• _Supplied information_
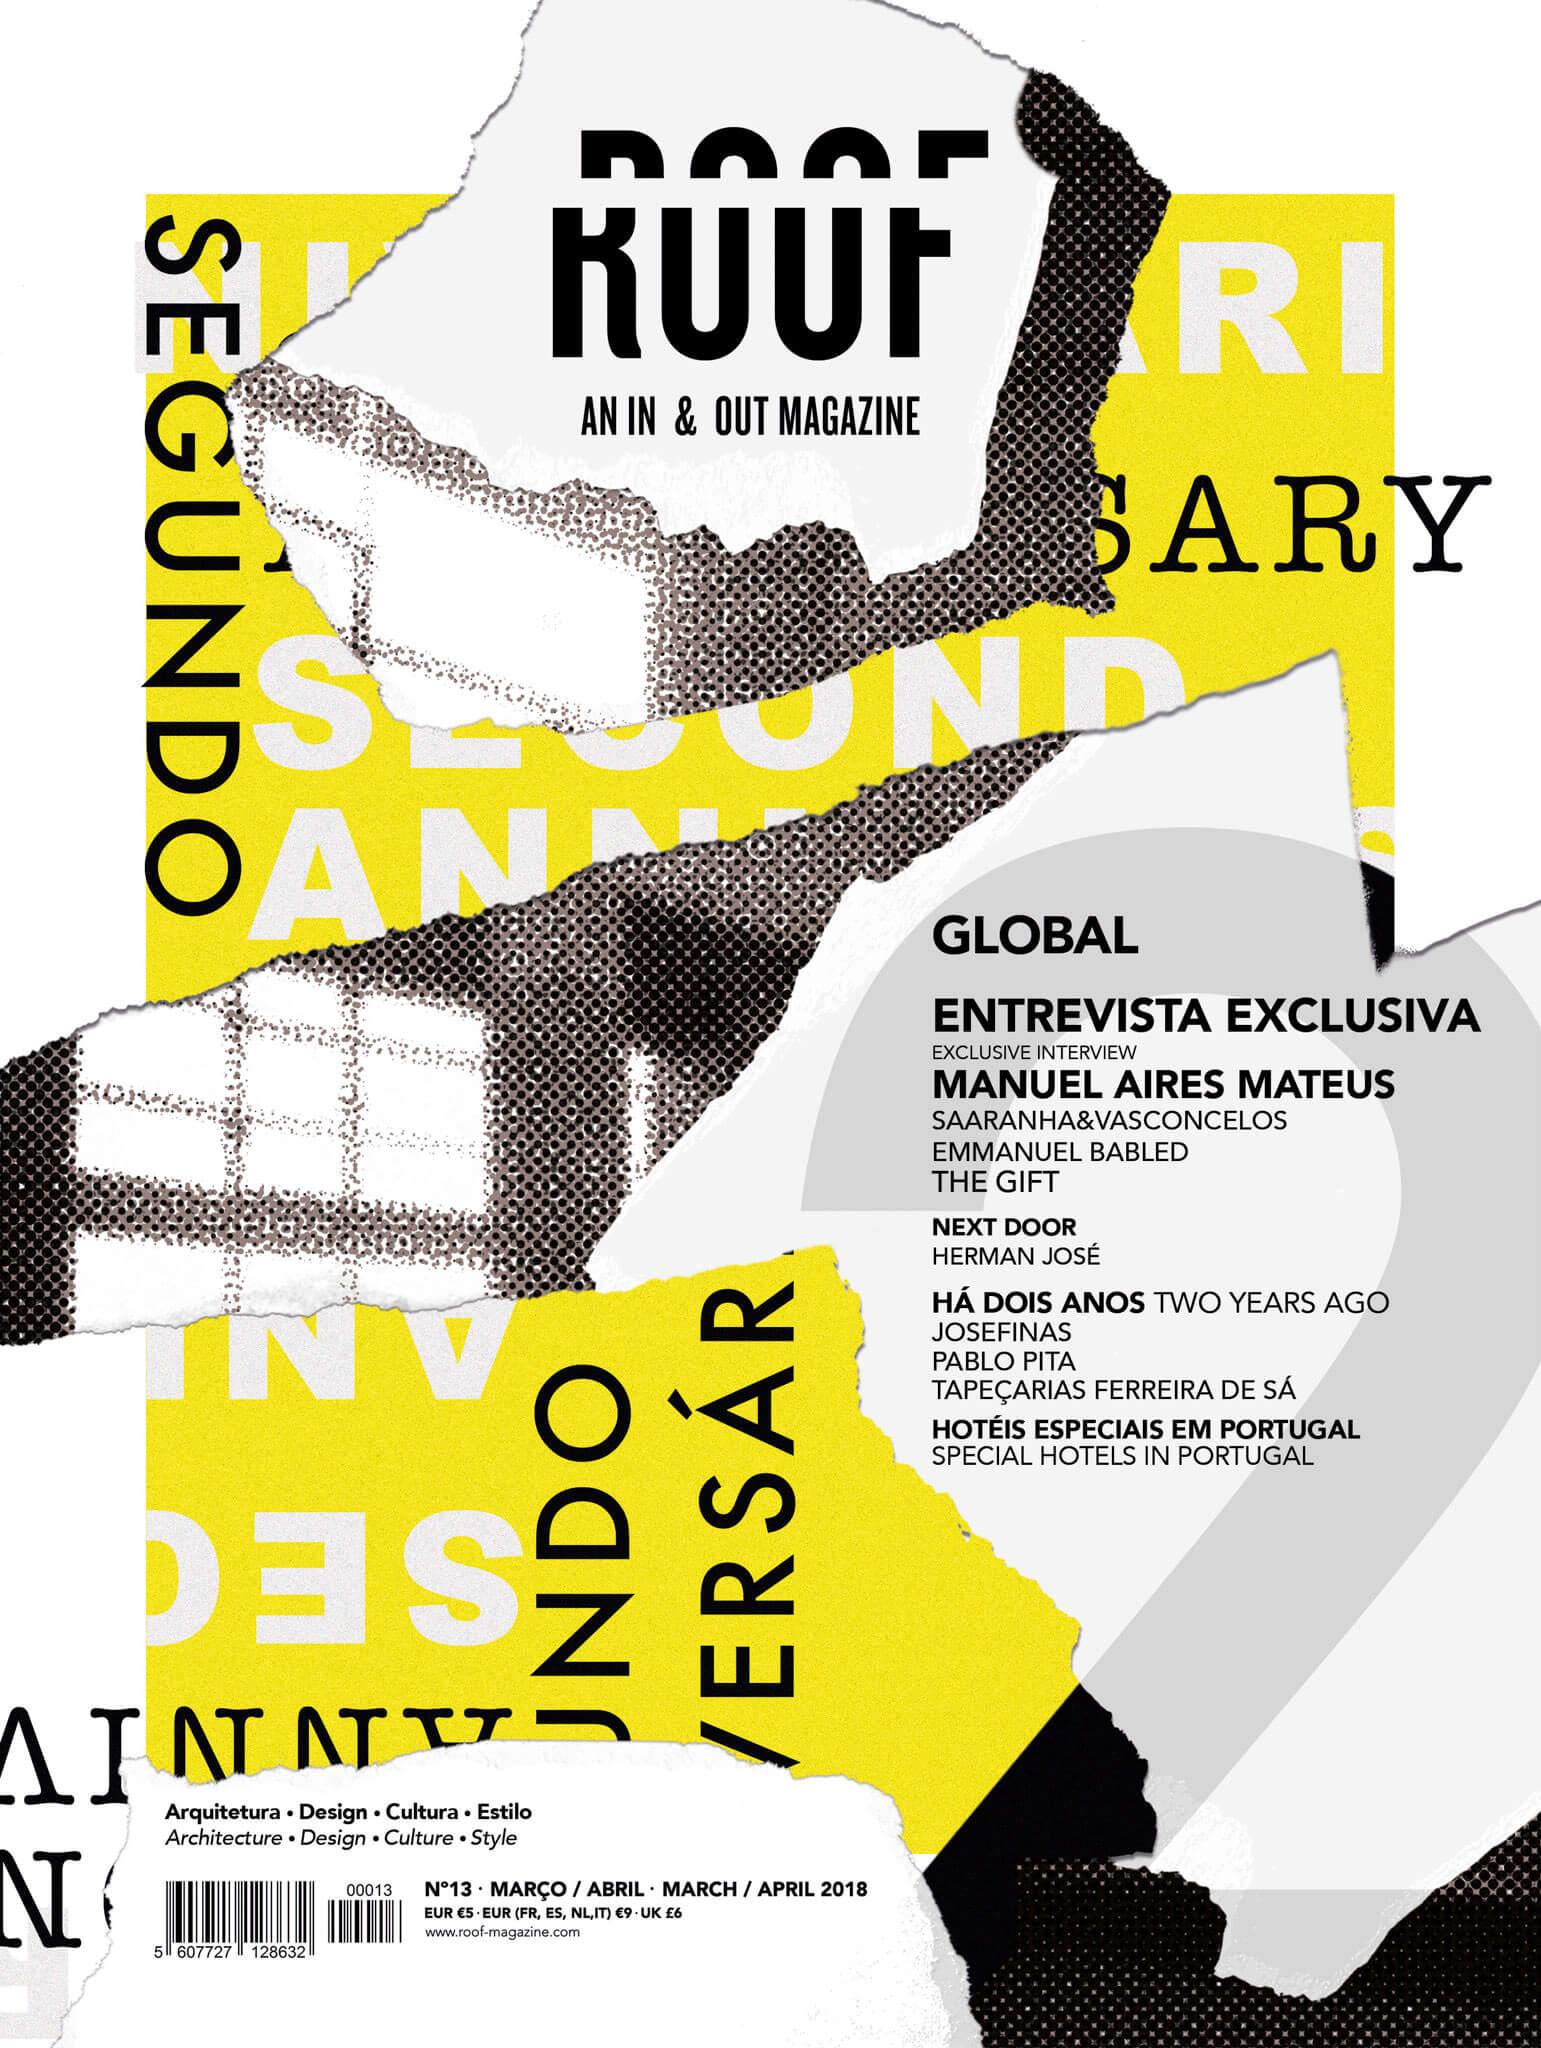 Roof Magazine publica projecto de Paulo Martins com fotografia de arquitectura de Ivo Tavares Studio
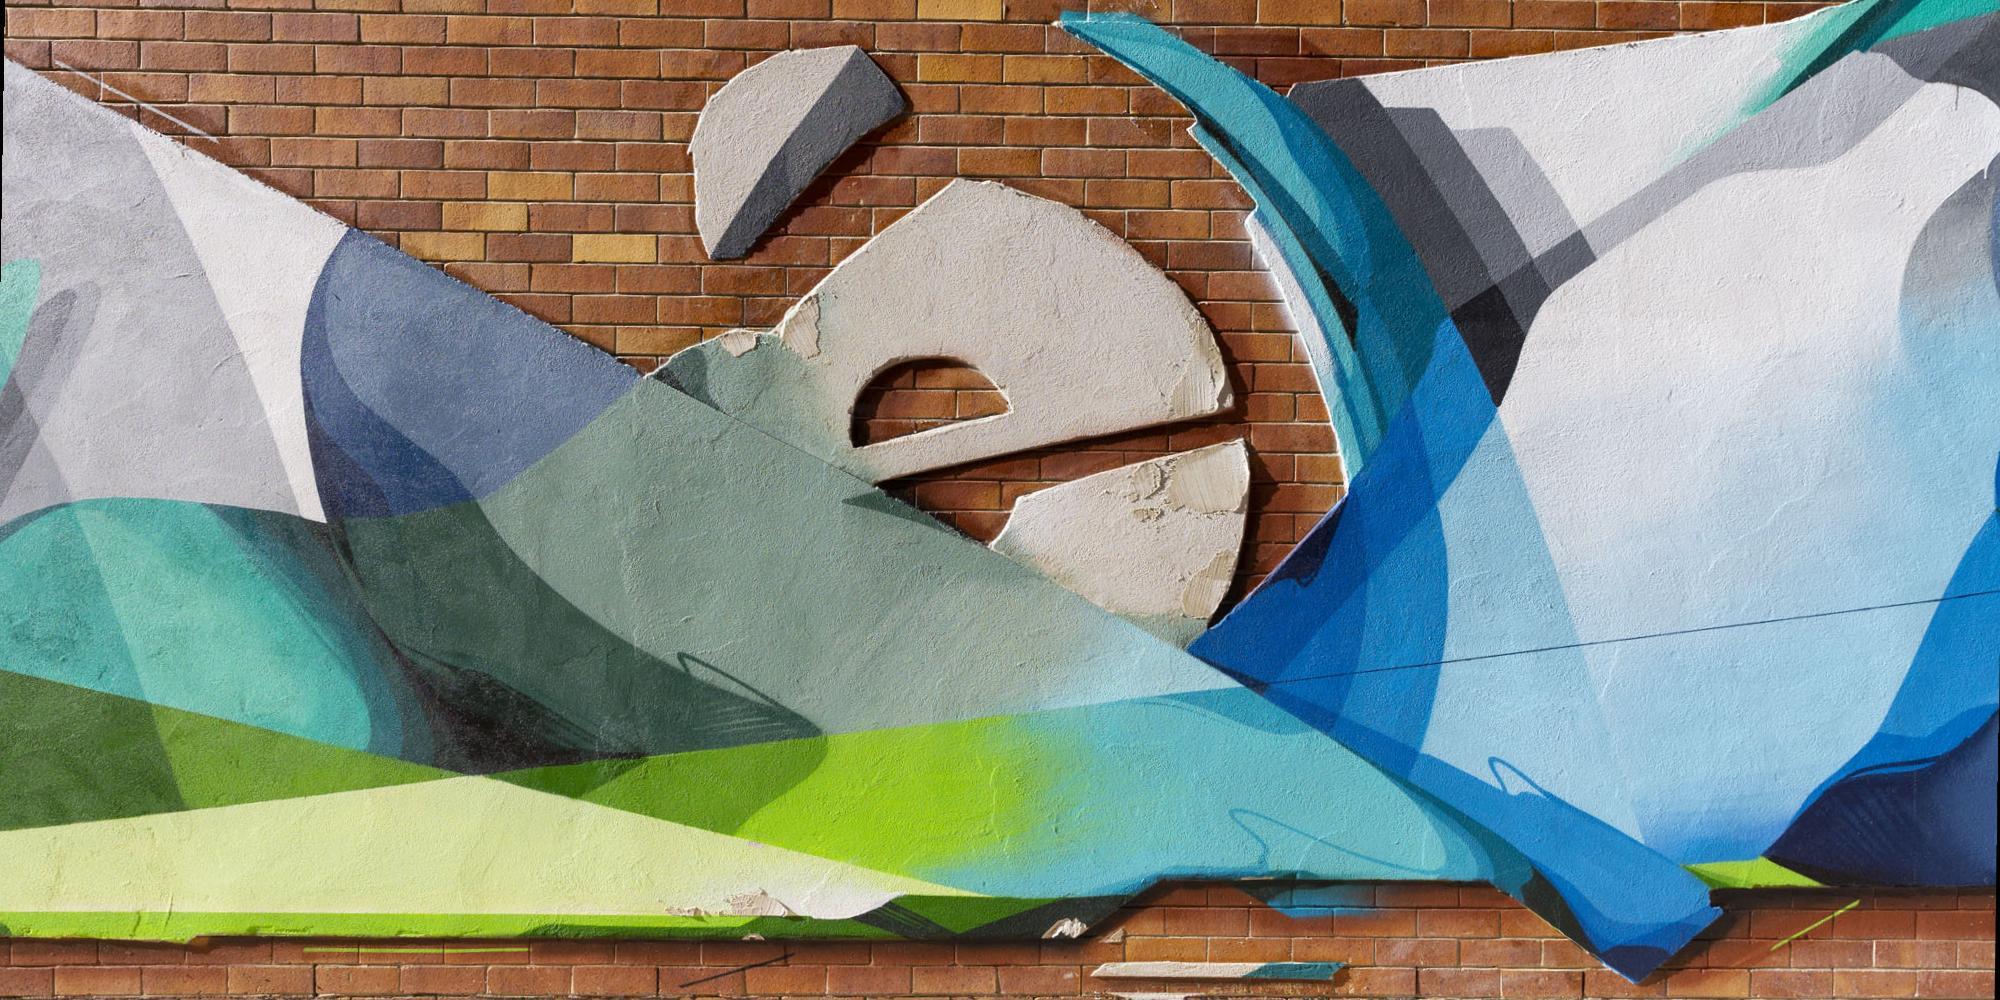 A work by Does - Brisbane, Australia_thumb
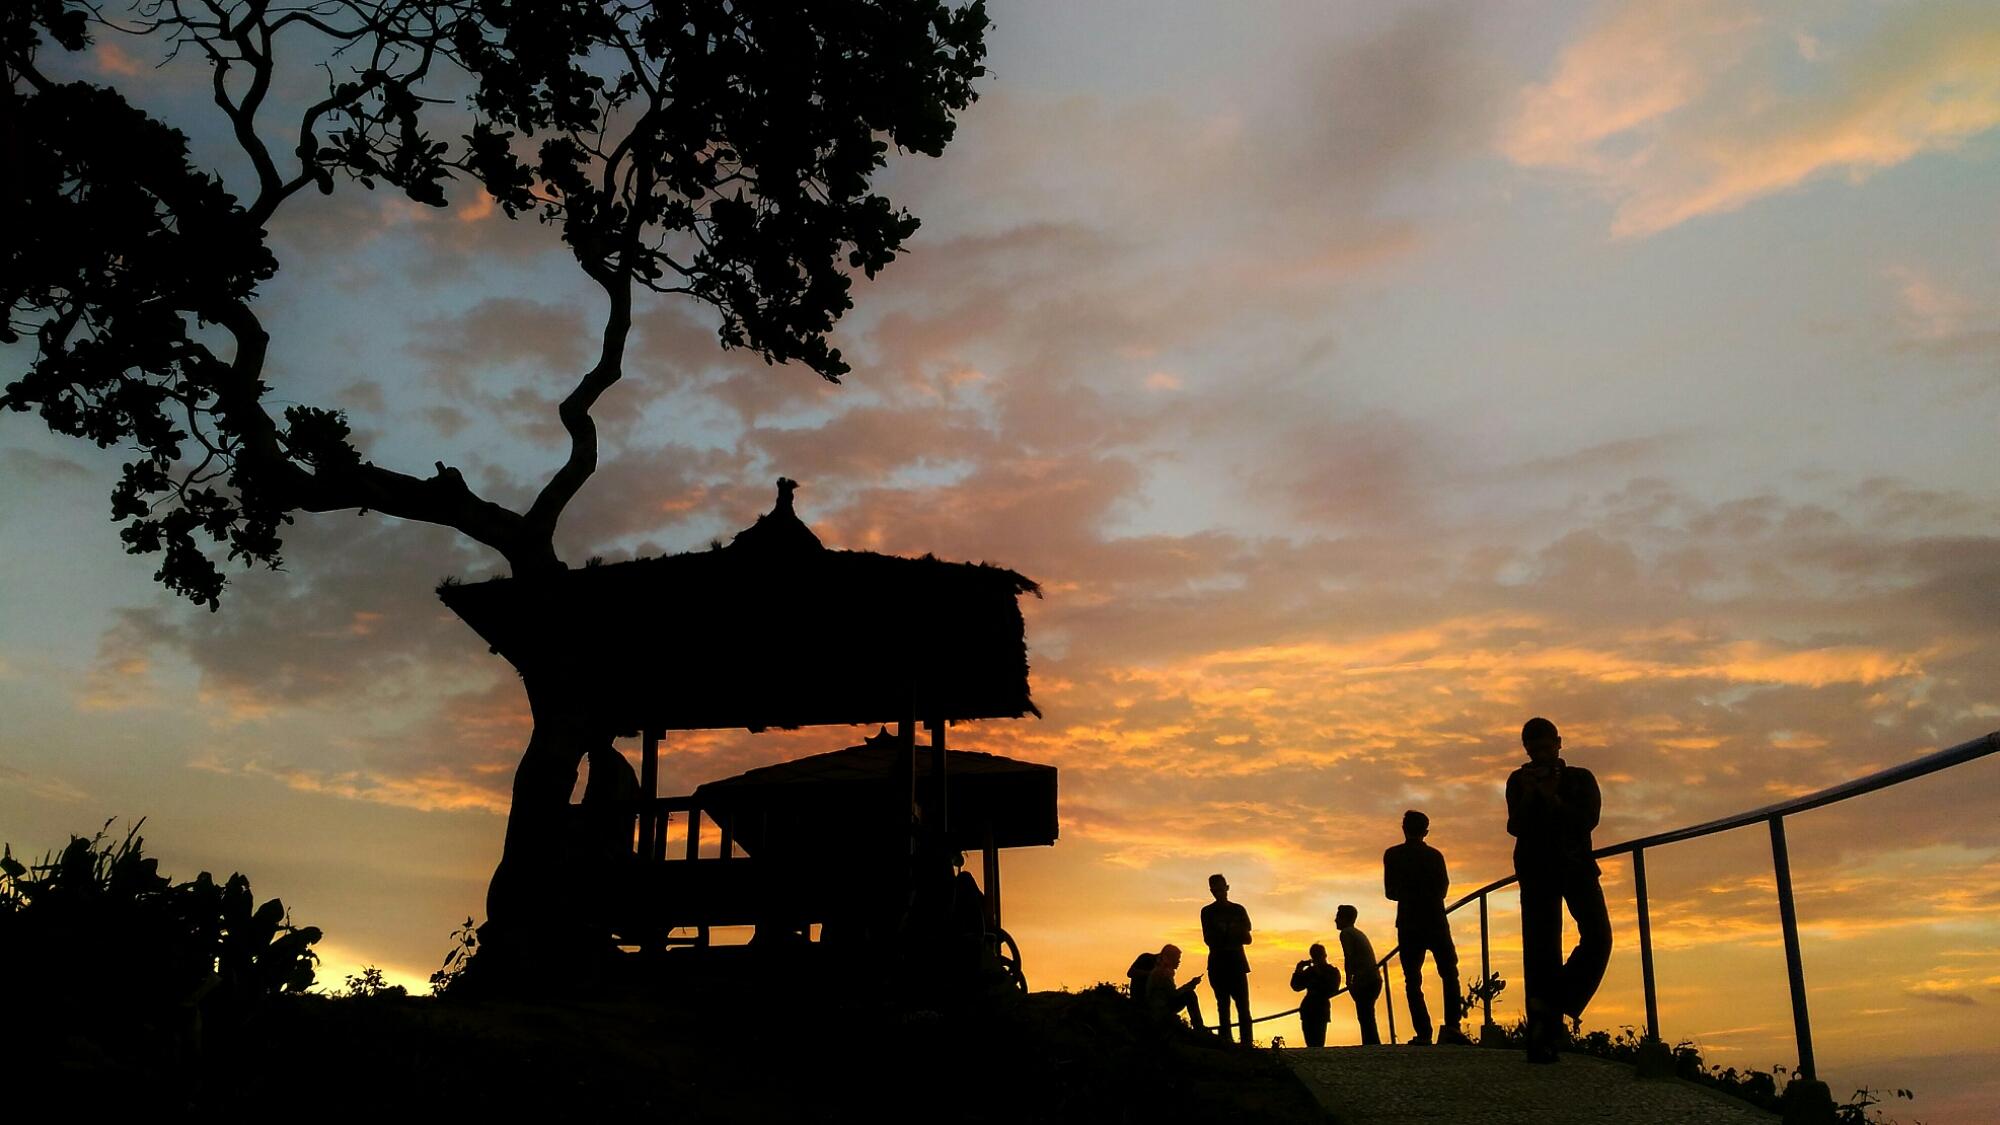 Wisata Green Village Gedangsari Yogyakarta Memberikan Pesona Alam Sunset Desa

• _Assignment_
The whole listing above must be duplicated word for word, apart from its pictures.

• _Solution_
 Roof Magazine publica projecto de Paulo Martins com fotografia de arquitectura de Ivo Tavares Studio
 A work by Does - Brisbane, Australia_thumb
 Wisata Green Village Gedangsari Yogyakarta Memberikan Pesona Alam Sunset Desa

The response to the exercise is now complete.